When "Alan" was 4 years old he was at a showground with his parents and he wandered off and disappeared. Despite massive police searches for "the showground boy" and national publicity he was never found. While most child abductions finish with murder, his parents still have hopes that he will come back to them some time in the future - to them he is gone but not forgotten.

Over ten years later "Alan" (not his real name) has grown into a strong boy who can at last physically challenge his ageing "father" who has kept him imprisoned and abused for so long. Alan attacks his "father" and locks him in the windowless room where he had been kept imprisoned most of the time.

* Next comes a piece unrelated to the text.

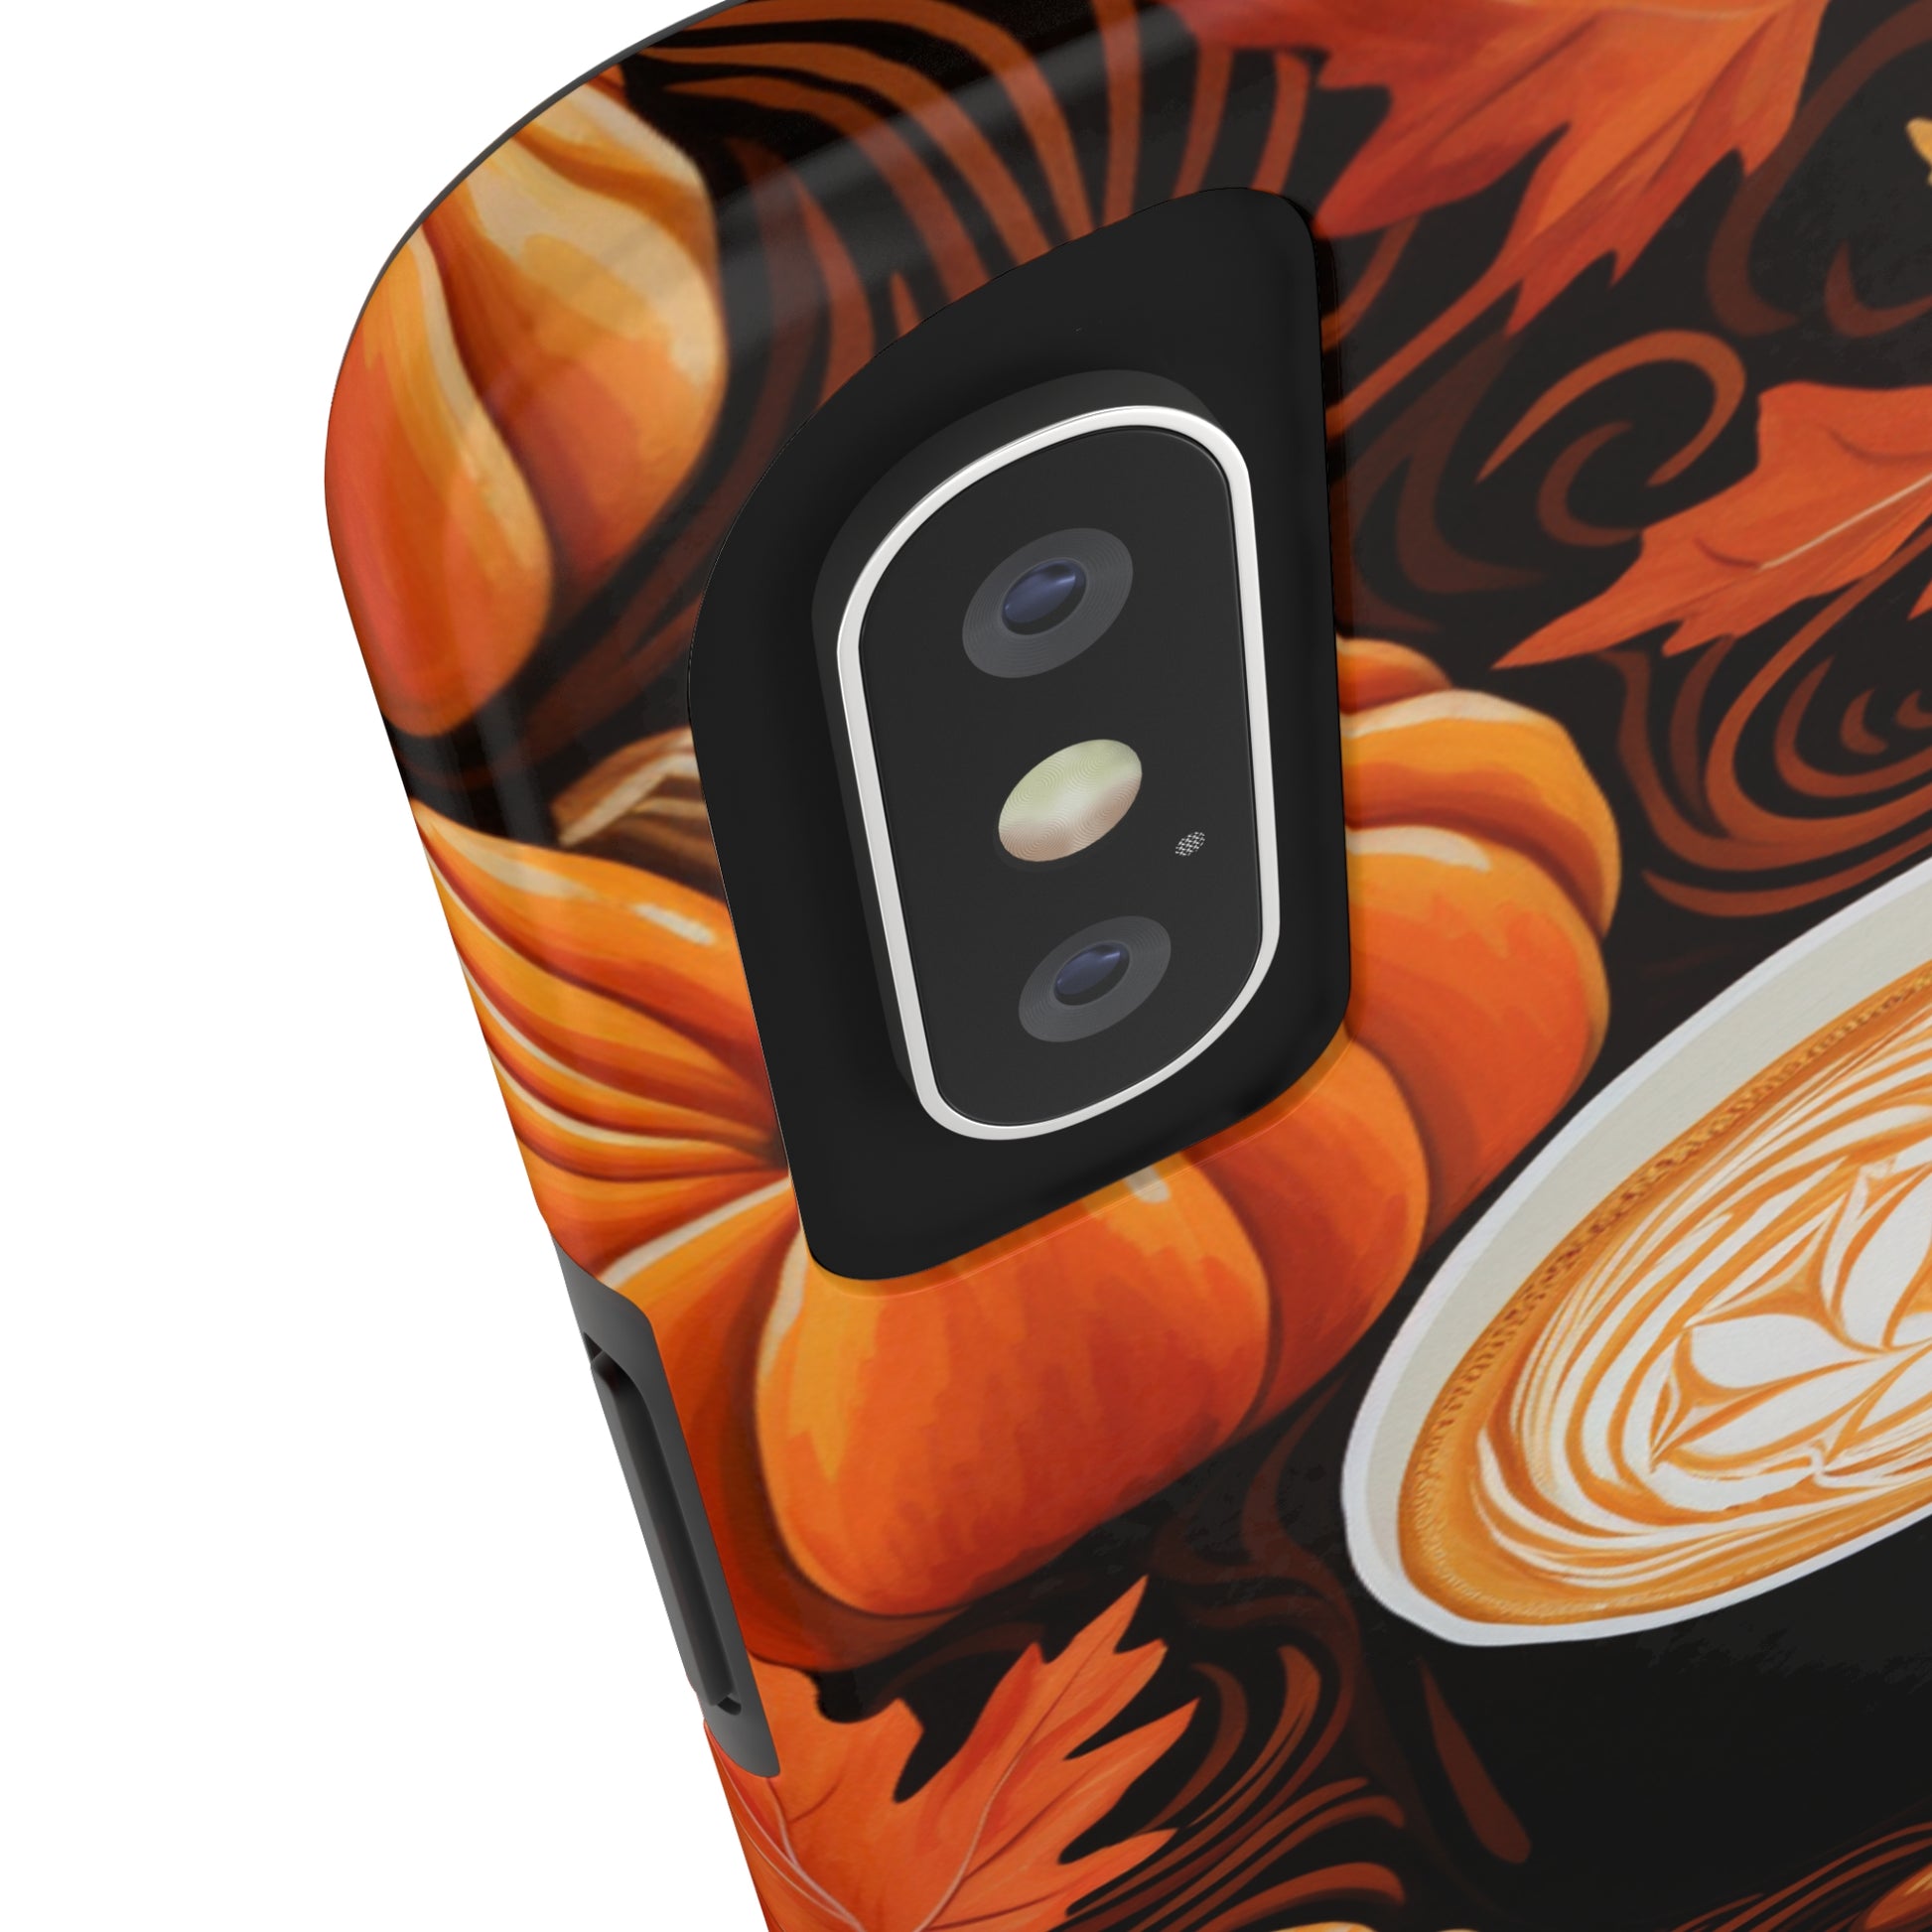 Warm Tones of Fall in a Phone Case

He can then explore the house, with its highly fenced and padlocked garden, where he has been kept for so long.

Next morning he finds his father has died because he didn't have his heart pills. When visitors arrive Alan hides and is found by Billy, a teenager who has suffered extensive abuse himself, especially when in juvenile care with the Church. Billy immediately recognises Alan's plight and tells him to avoid contact with the Police because they could put him into the kind of juvenile hell that Billy knows so well.

Billy takes him on a tour of the seedy and downtrodden parts of the city, living rough to avoid the authorities. Alan slowly learns about the real world he has been missing and gradually regains some memory of the time before he was abducted.

This is a somewhat disturbing story about the outcome of the depths of human depravity on young children and how a couple of victims get together to face up to living a normal life again. Well done Honey Brown in tackling this difficult topic in a compassionate and realistic way with an eventual heart-warming conclusion. I was especially affected because we live near where a child was abducted ten years ago. In that case his grave was found years later and the accused pedofile is currently on trial for murder.